▶ [RECORDS SHOWN]:

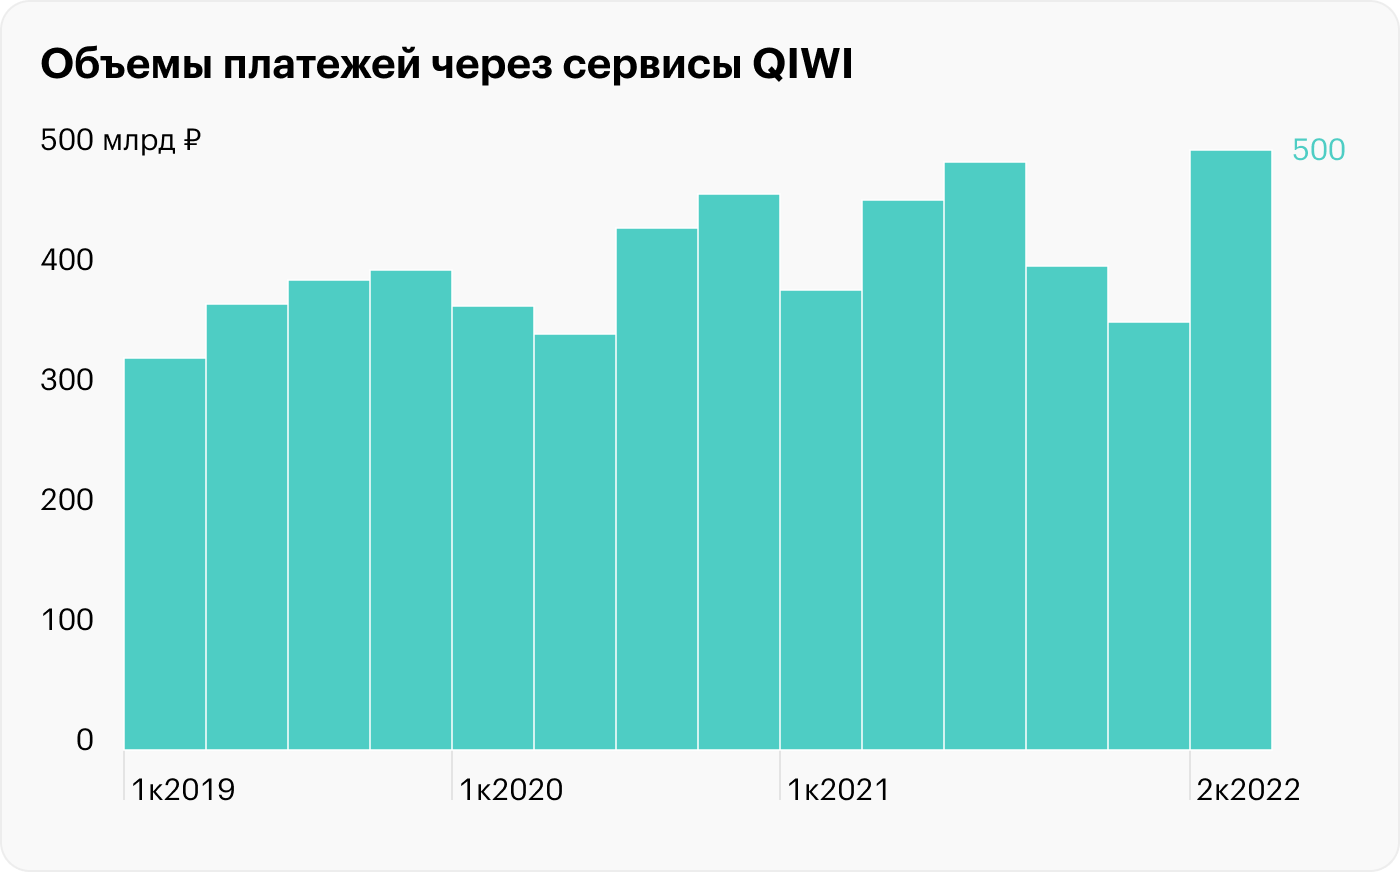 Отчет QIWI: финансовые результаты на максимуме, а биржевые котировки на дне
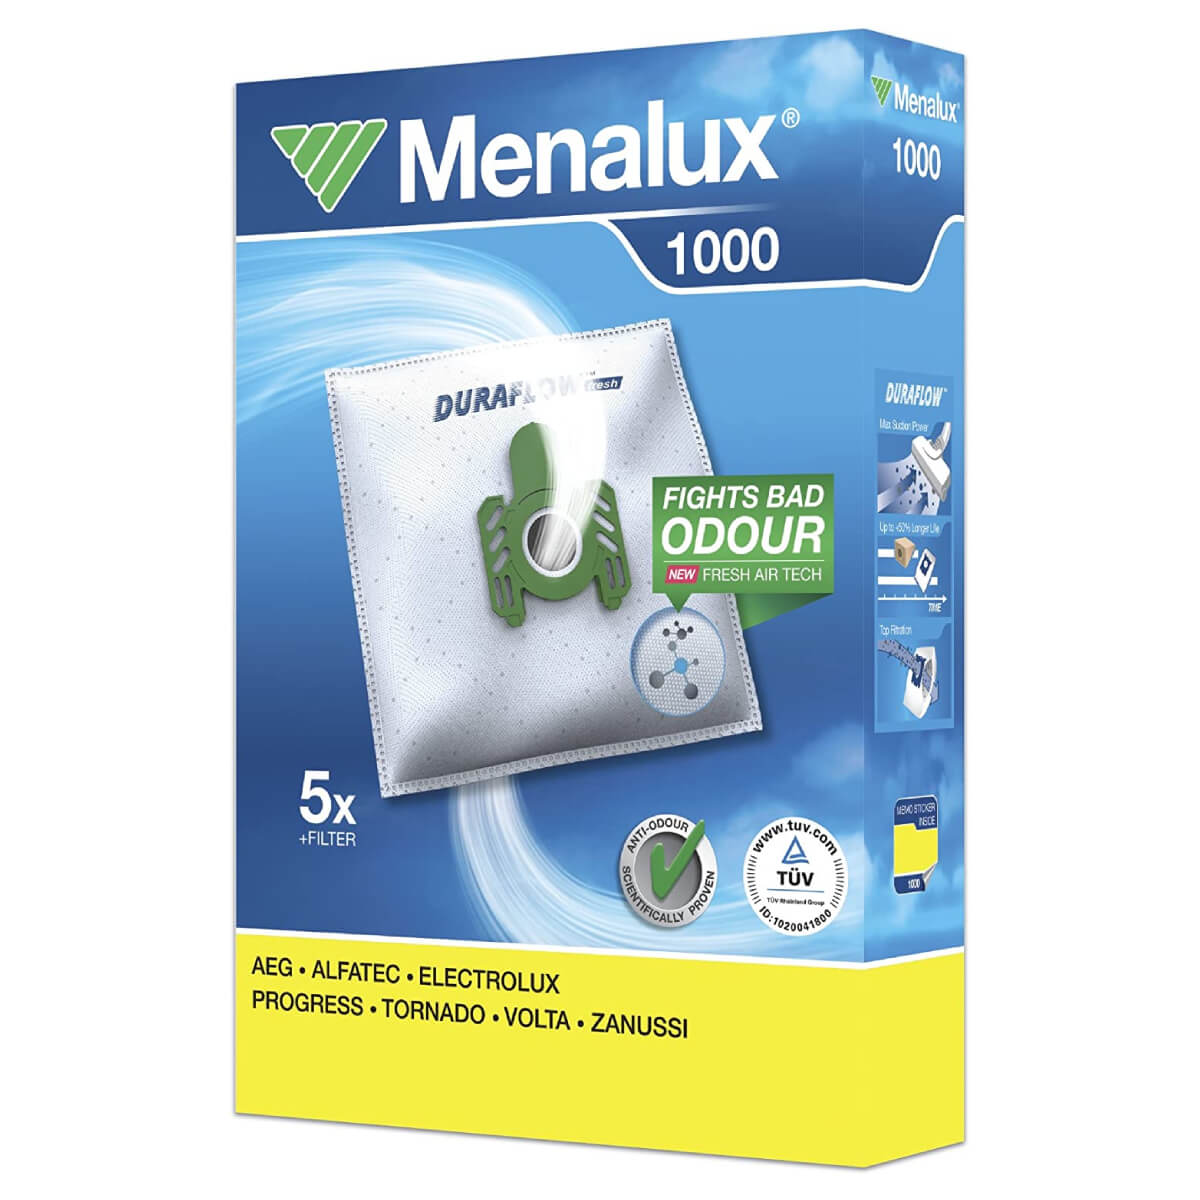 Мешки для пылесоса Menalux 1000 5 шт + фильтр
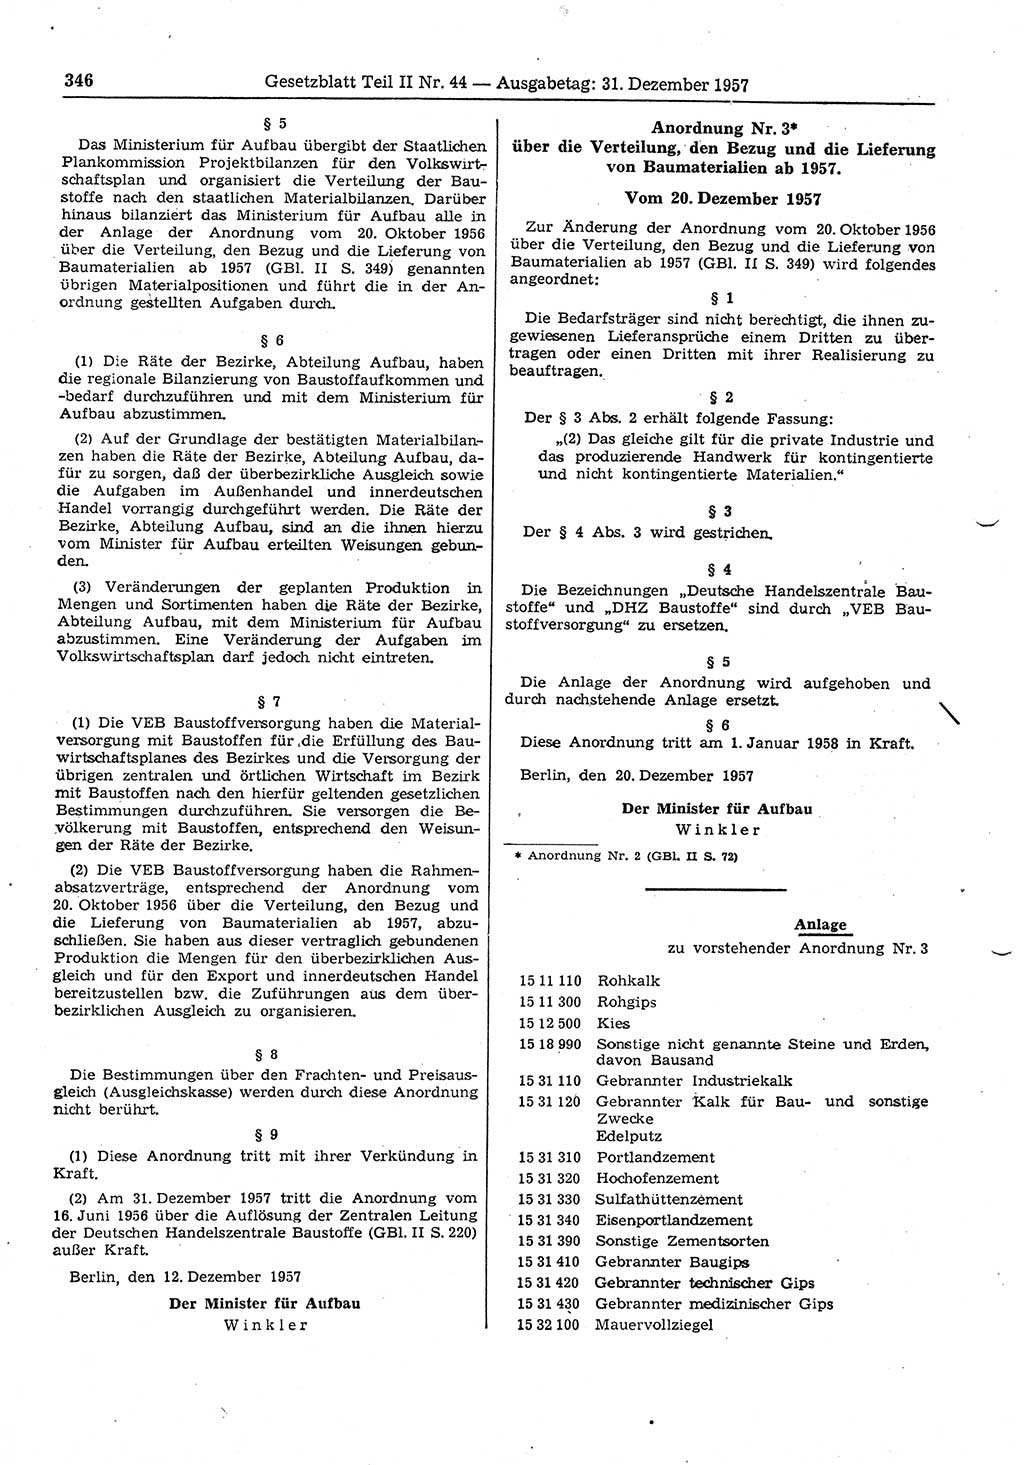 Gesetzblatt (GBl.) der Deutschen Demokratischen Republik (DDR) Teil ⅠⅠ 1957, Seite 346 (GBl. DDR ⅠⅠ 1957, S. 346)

---

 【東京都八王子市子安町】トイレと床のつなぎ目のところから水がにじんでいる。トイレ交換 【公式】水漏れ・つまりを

▶ [WORK REQUEST]: In the material above, one part opens with the line containing "Отчет QIWI: финансовые" and closes with the line containing "Gesetzblatt (GBl.) der". Write out that part exactly and skip its pictures.

▶ [RESPONSE]:
 Отчет QIWI: финансовые результаты на максимуме, а биржевые котировки на дне
 Мешки для пылесоса Menalux 1000 5 шт + фильтр
 Gesetzblatt (GBl.) der Deutschen Demokratischen Republik (DDR) Teil ⅠⅠ 1957, Seite 346 (GBl. DDR ⅠⅠ 1957, S. 346)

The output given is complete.